Gullar – Eu estava exilado na Argentina, depois de ter passado por União Soviética, Chile e Peru. Perón (Juan Domingo) havia morrido e assumira a presidência Isabelita, sua mulher. O país vivia uma instabilidade política muito grande e circulavam boatos de que haveria um golpe de Estado. Quando escrevi “Poema sujo”, a embaixada brasileira havia cancelado meu passaporte, eu não podia ir a lugar algum, havia ditaduras por todas as partes: Chile, Uruguai, Paraguai, Bolívia. Falava-se, também, da ação dos militares além das fronteiras nacionais, no que depois ficou conhecido como “Operação Condor”. Eu via a morte como coisa iminente.

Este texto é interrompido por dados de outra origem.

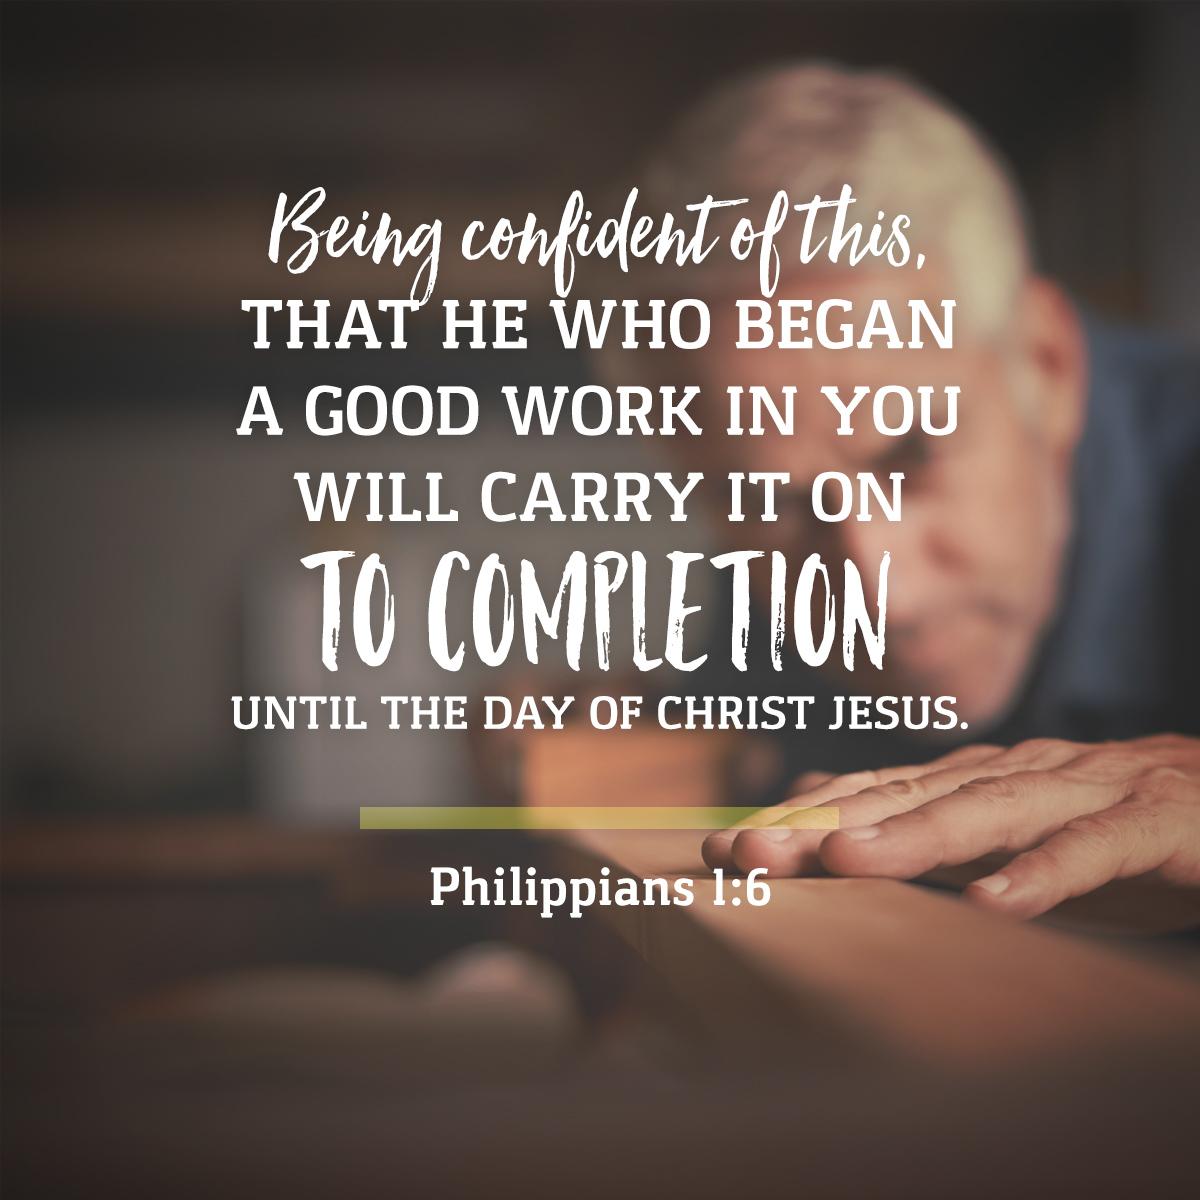 Philippians 1:6 Daily Verse
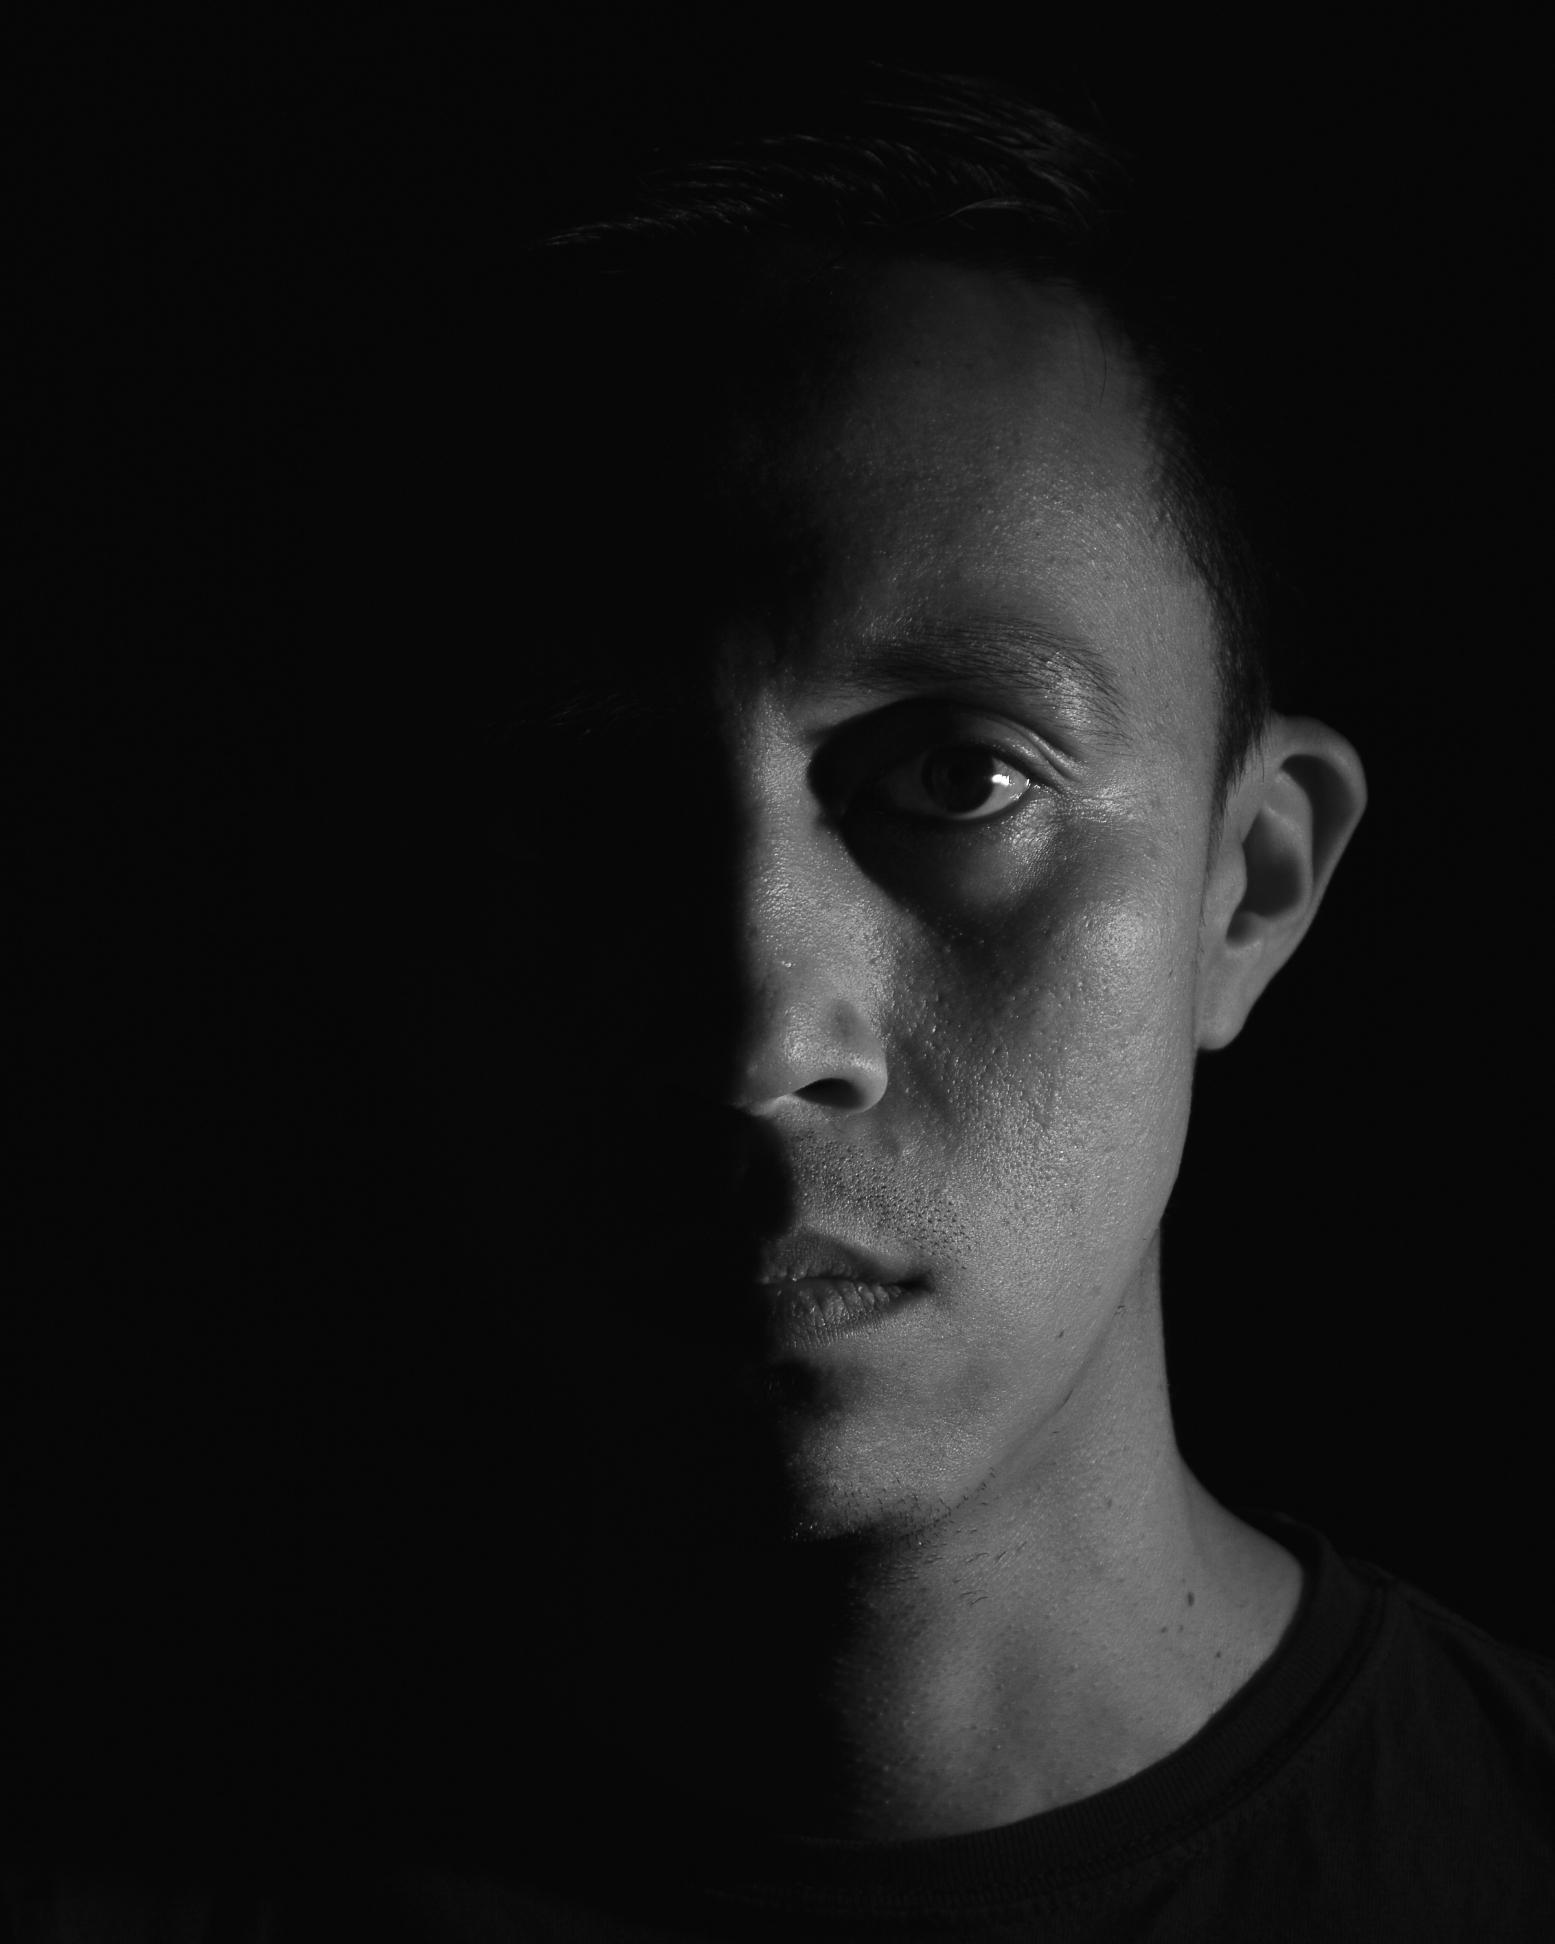 Aaron Kiʻilau

Então pensei, vou escrever a última coisa da minha vida, tudo que tenho a dizer, vou dizer agora. Por isso o poema é tão extenso, pois é um resgate das experiências afetivas, literárias, políticas, artísticas e de minha infância em São Luis. Quando conclui o livro, em outubro de 1975, Vinícius de Moraes o trouxe para o Brasil, o trabalho circulou clandestinamente por um tempo e depois o Ênio da Silveira o editou. Lançaram em 1976, em uma noite de autógrafos sem a presença do autor. (risos)


Os teóricos apontam como principais características do Pós-modernismo a fragmentação da realidade, a espacialidade da História e a negação da utopia. Qual é sua percepção desse movimento cultural?

Gullar – Entendo pouco desse negócio de pós-modernismo. Não me detenho a pensá-lo. No fundo, é mais uma categoria forçada. Muitas dessas características estavam presentes em obras e manifestações anteriores. É simplesmente desdobramento e ampliação de uma coisa que foi feita sem esse nome, como conseqüência desse processo de vanguarda e assimilação da vanguarda. O pós-modernismo é um movimento que retroage, pois não vai adiante nas conseqüências externas da vanguarda. Ele volta ao texto, por exemplo. Com todas suas características positivas ou negativas, ele não vai adiante do Finnegan’s wake , do James Joyce, vai?


Você tem feito críticas ácidas aos rumos tomados pelas artes plásticas.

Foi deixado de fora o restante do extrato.